Tuesday, August 19, 2008

The effects of flooding and climate change

This is what council officials in Ireland had to say about the floods they had a few days ago, when an underpass in the city ended up under 20 ft of water.

"We have to realise that it appears that torrential rain is going to occur on a more regular basis - the weekend was no freak occurrence.

"This means we have to introduce measures to adapt to this situation. New strategies are needed to ensure that flash flooding is minimised and that a co-ordinated emergency strategy is in place to cope with the consequences of flooding," he said.

"I urge the Executive to get to grips with the twin issues of improving our response to flooding and adapting our environmental and planning strategies to deal with increased rain in the future."

This applies to floodplains and monsoon drains too of course.

Monday, August 18, 2008

Green Supermarket (2)

Another item on how supermarkets are attempting to turn themselves green here.

All these new initiatives just in time to bring them all together on the World Heritage Jurassic Coast in Seaton - aren't we the lucky ones ..... perhaps ...... not.

Sunday, August 17, 2008

Sainsbury paints itself green with wooden store in Dartmouth

Sainsbury opened their new store in Dartmouth last week with a lot of publicity about the "green-ness" of it - see link here and here.

Tesco says that it plans to open four "green" stores this year, though it doesn't mention what percentage of new stores this represents.

Saturday, August 16, 2008

British seaside holidays massive increase

Todays Guardian:

The British seaside is seeing record numbers of bookings: Brighton is up 70%, Bournemouth 20% and Eastbourne 66%. It goes on to say: "The Brits are taking abother look at holidaying at home because of the economic climate. Visitors are booking more add-ons with their hotels - theme parks, theatre and music tickets."

Campsites (tents) have seen bookings up 10% this year. Asda reported that its stores in seaside towns were trading "phenominally well".
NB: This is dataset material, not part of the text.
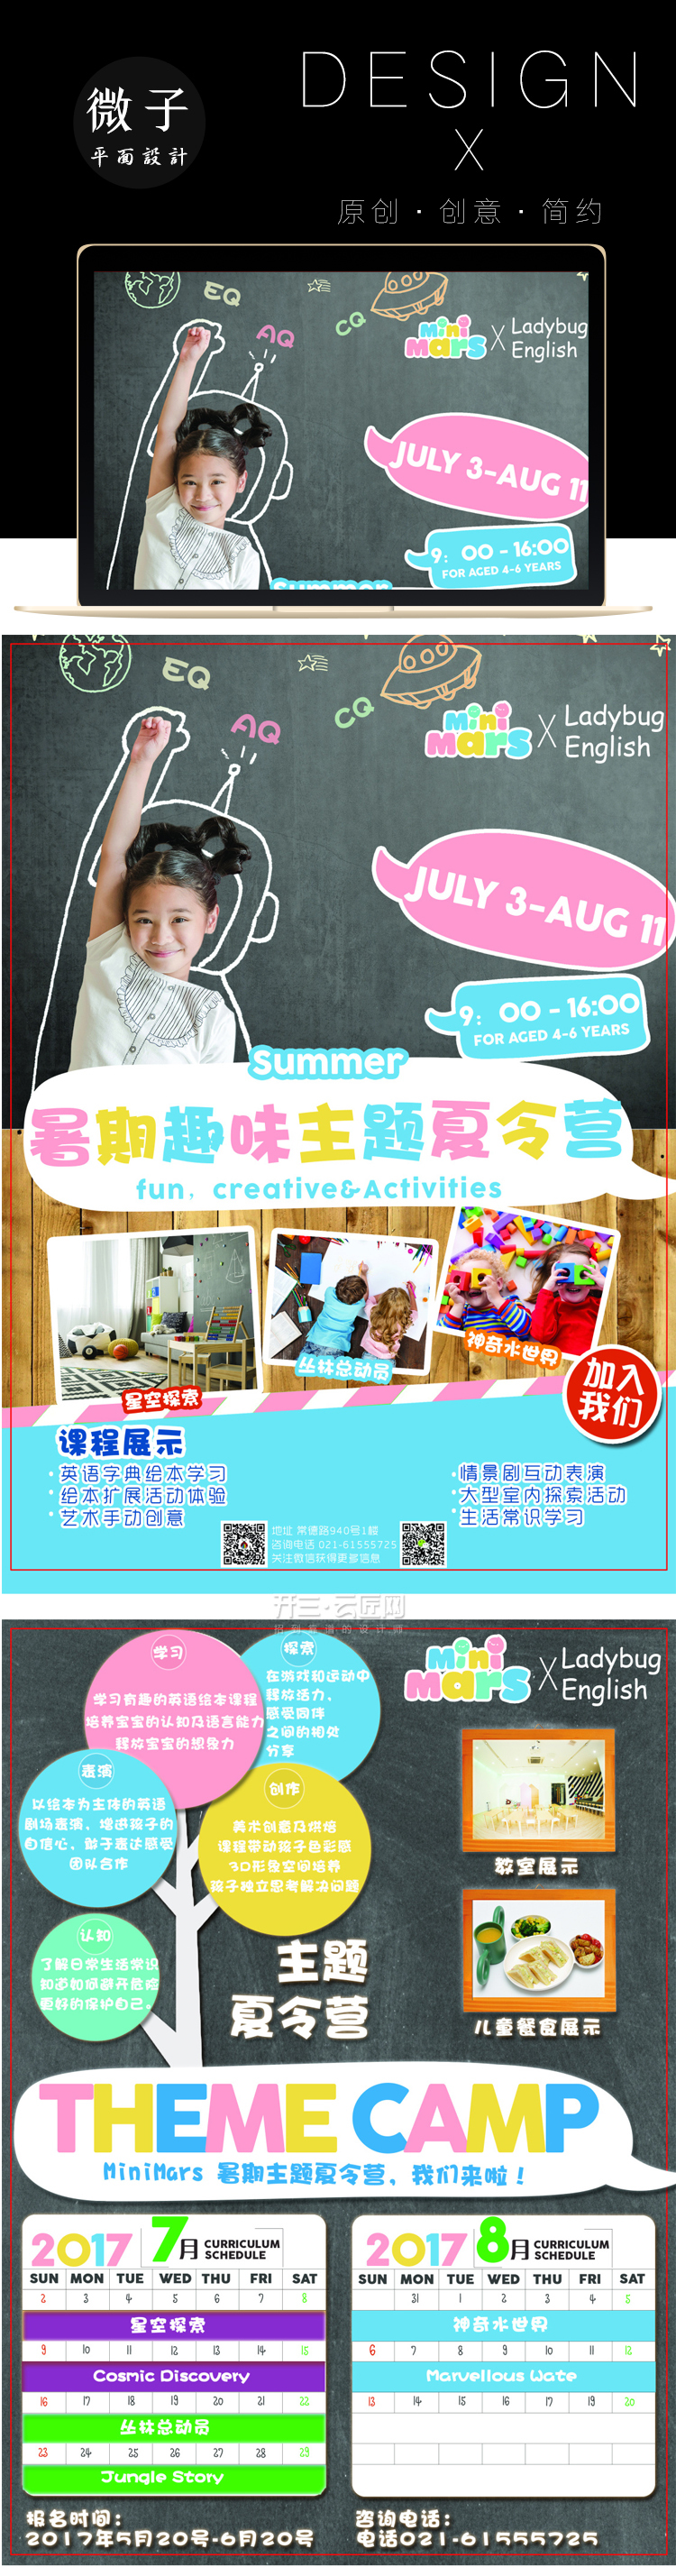 淘宝美工微子儿童暑假班DM设计单页设计平面宣传页作品
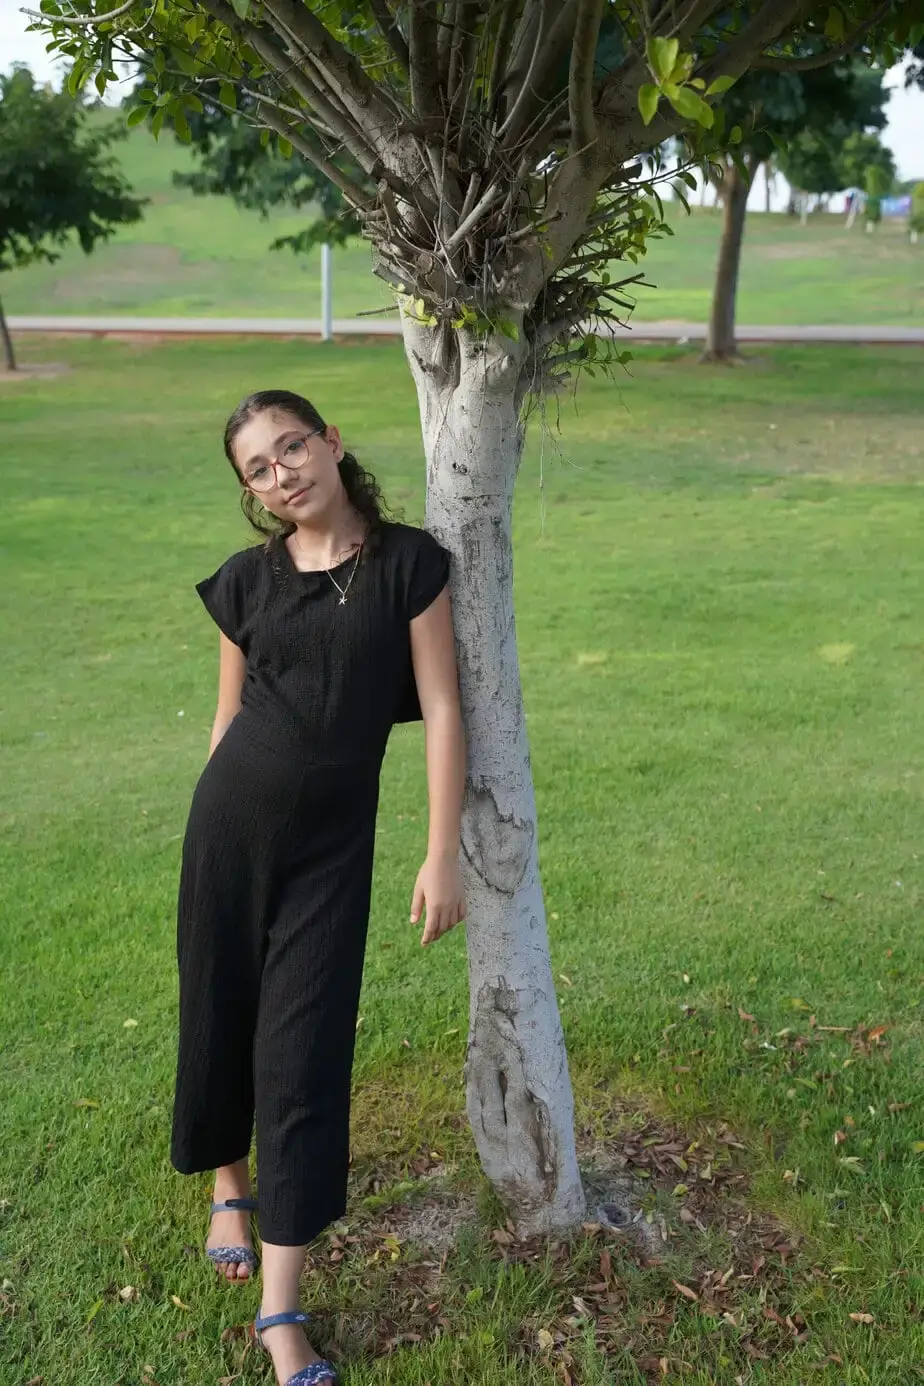 ילדת בת מצווה מצטלמת ליד עץ בשביל בוק בת מצווה בטבע. תחת קטגוריית צלם לבת מצווה של מגנטסטאר צילום אירועים

Seaton beach has been busier than ever before in the last couple of weeks, the Lyme Bay holiday village is completely full this week and has had to put some over-booked customers with local bed and breakfast businesses according to a b and b owner who took some of the overspill.

And what happens next? Tesco closes down the holiday village, the nursery, the pool and the gym in January 2009. What does it replace them with? er, pass .....

Wednesday, August 13, 2008

Excellent letter in View from Seaton

Excellent letter from the "Man from Musbury" in this week's View from Seaton. Keep them coming Mr Lee - we need more people like you questioning exactly what is going on and examining statements that people make and words that don't turn into actions. Keep them coming!

Saturday, August 09, 2008

You're never too old....

For those who live or work in a care home...take heed

See here


Thursday, August 07, 2008

Cheaper UK holidays enjoying a boom

According to the BBC (this article was about camping but could have been about any cheaper holiday in the UK): "The price of the euro and increased security checks at airports has probably put more people off travelling abroad, Mr Harper-Smith said. "Petrol has gone through the roof and people want to go closer to home and get something more affordable," he said."People are used to going away more than once a year and now, of course, it's that much more expensive and everyone is watching the pennies.

What a pity then that a holiday village which even now is 80% occupied should have to close down and be demolished just when it could have been exactly what was needed. Not to mention that the town will lose its gym and pool too.

Come on, Tesco - show that you have a heart (and a good business head - we are talking about making money here, too!).